Judah finally is forced to confront the unfairness with which he treated Tamar and exonerates her from wrongdoing.

Having known her once, he never abstained from her again. -- Talmud Sotah 10b

Once the widow is pregnant, the levirate is over. The laws do not specify that the woman should continue to be the wife of the levir. Sleeping with a daughter-in-law becomes an incestuous act, and the story hastens to assure us that Judah never slept with Tamar again. -- Tikva Frymer-Kensky, Reading the Women of the Bible

Tamar seized this one prime moment for action, securing her, our, destiny. In any case, whether she was a common prostitute (zonah), or a sacred priestess (kedeshah), or temporarily pretending, her daring dance with illicit sex is surprisingly seen by our tradition as just, moral, and ethical. She is a woman who resorts to desperate measures, and in doing so, she shows Judah’s lack of commitment, at least to levirate marriage. -- Rabbi Geela-Rayzel Raphael, “Power, Sex, and Deception,” from The Women’s Torah Commentary, Rabbi Elyse Goldstein, ed.

Questions for Discussion:

Contrary to the Torah text, the Talmudic tractate of Sotah claims that Judah continues to be intimate with Tamar after her sons are born. What do you think Judah’s relationship with Tamar is like at this point? Does he treat her with the level of affection due to a wife? Does he truly mean it that she is more righteous than he is, and approach her accordingly? Or, is does he take part in the relationship with awkwardness or even anger?

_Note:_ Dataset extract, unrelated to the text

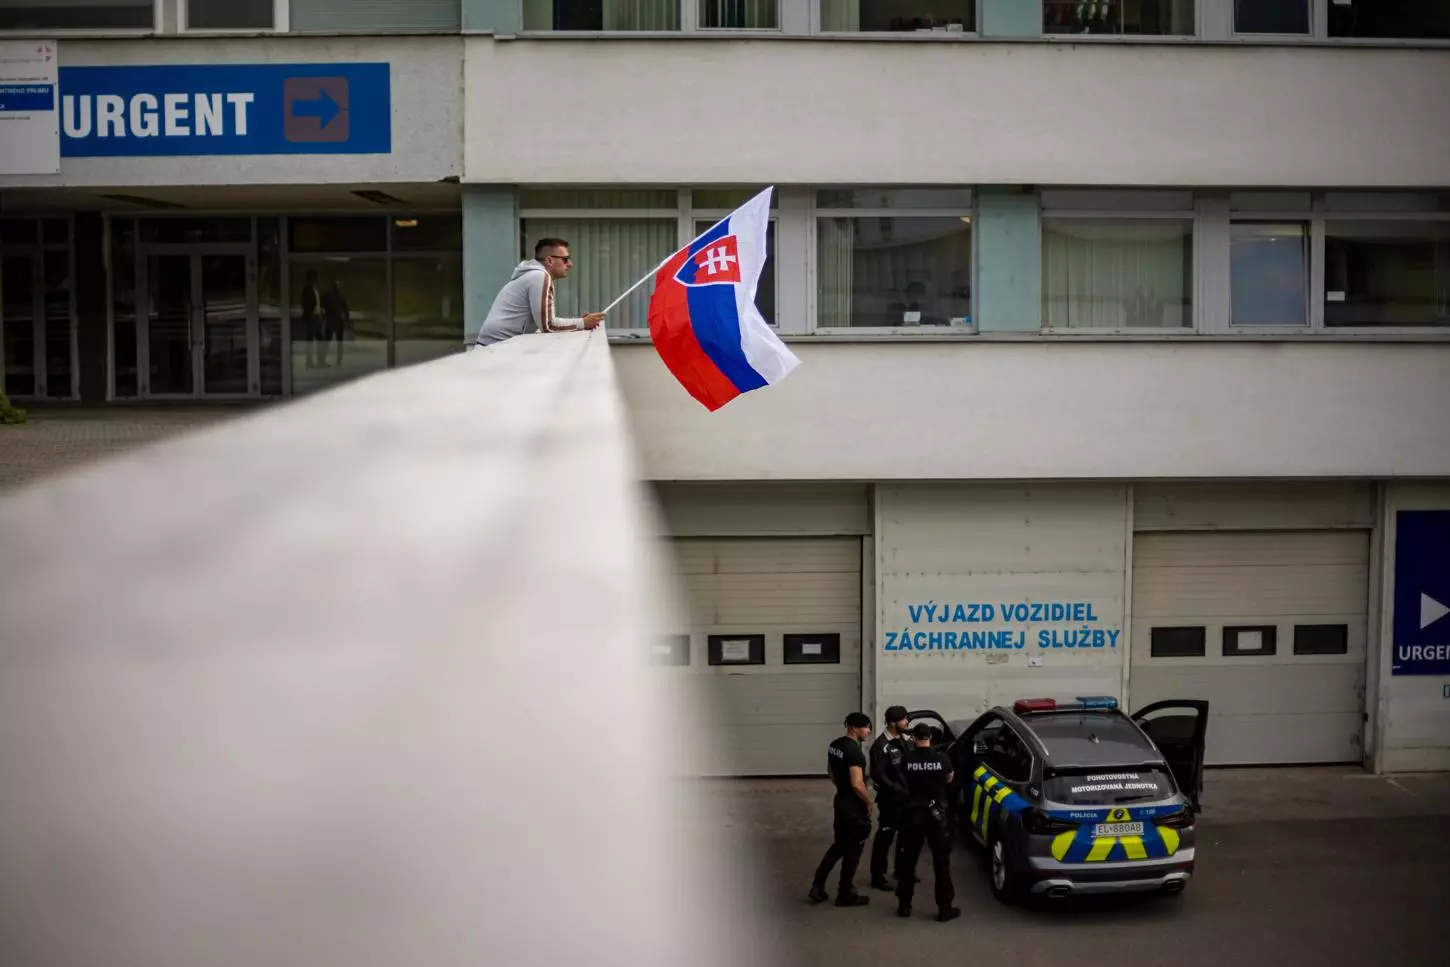 Un hombre ondea la bandera nacional eslovaca frente al hospital donde el primer ministro eslovaco, Robert Fico, está siendo tratado después de recibir varios disparos el pasado 15 de mayo. — MARTIN DIVISEK / EFE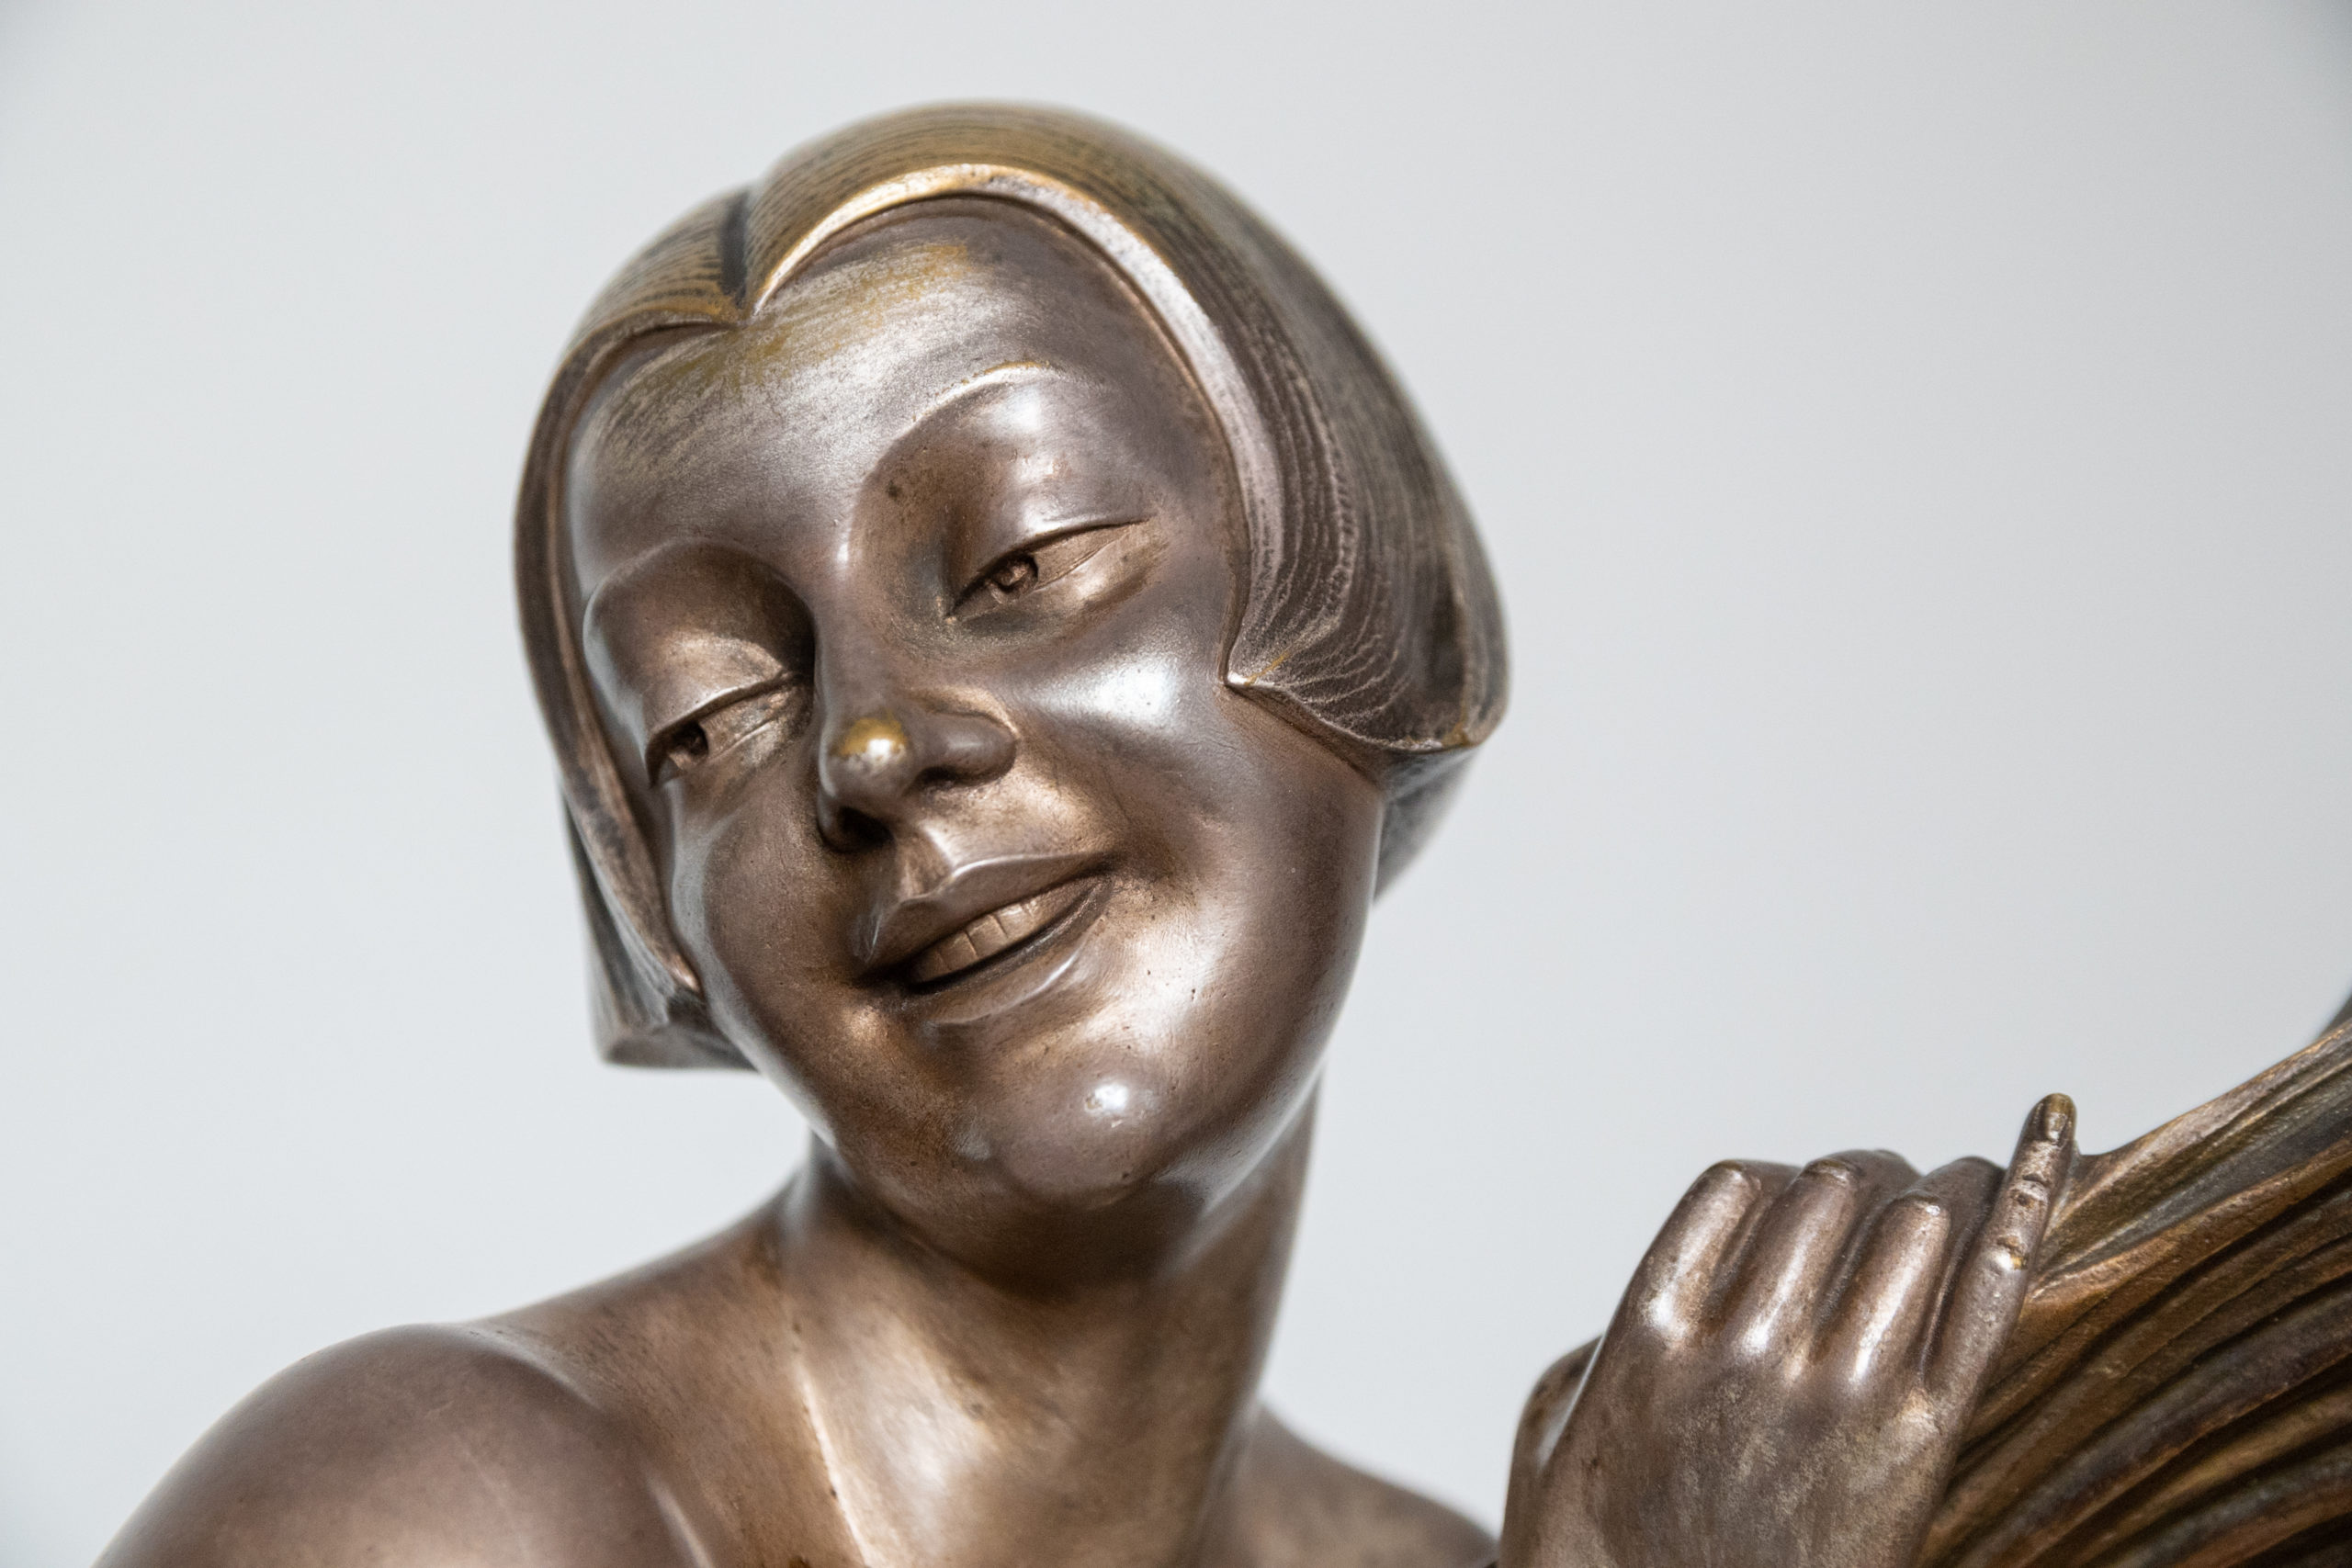 Armand-godard-sculpture-bronze-argenté-art-deco-XXe-france-aurore-morisse-affaire-conclue-antiquaire-liege-belgique2

Contrary to the account in Sotah, Frymer-Kensky goes with the original meaning of the text, that Judah never is intimate with Tamar again. Which commentary is more believable?

Raphael celebrates Tamar’s proactive role in this story. Tamar named alongside numerous like-minded women, including Rebekah, Hannah, Deborah and Esther. How are today’s egalitarian communities a celebration of women like them?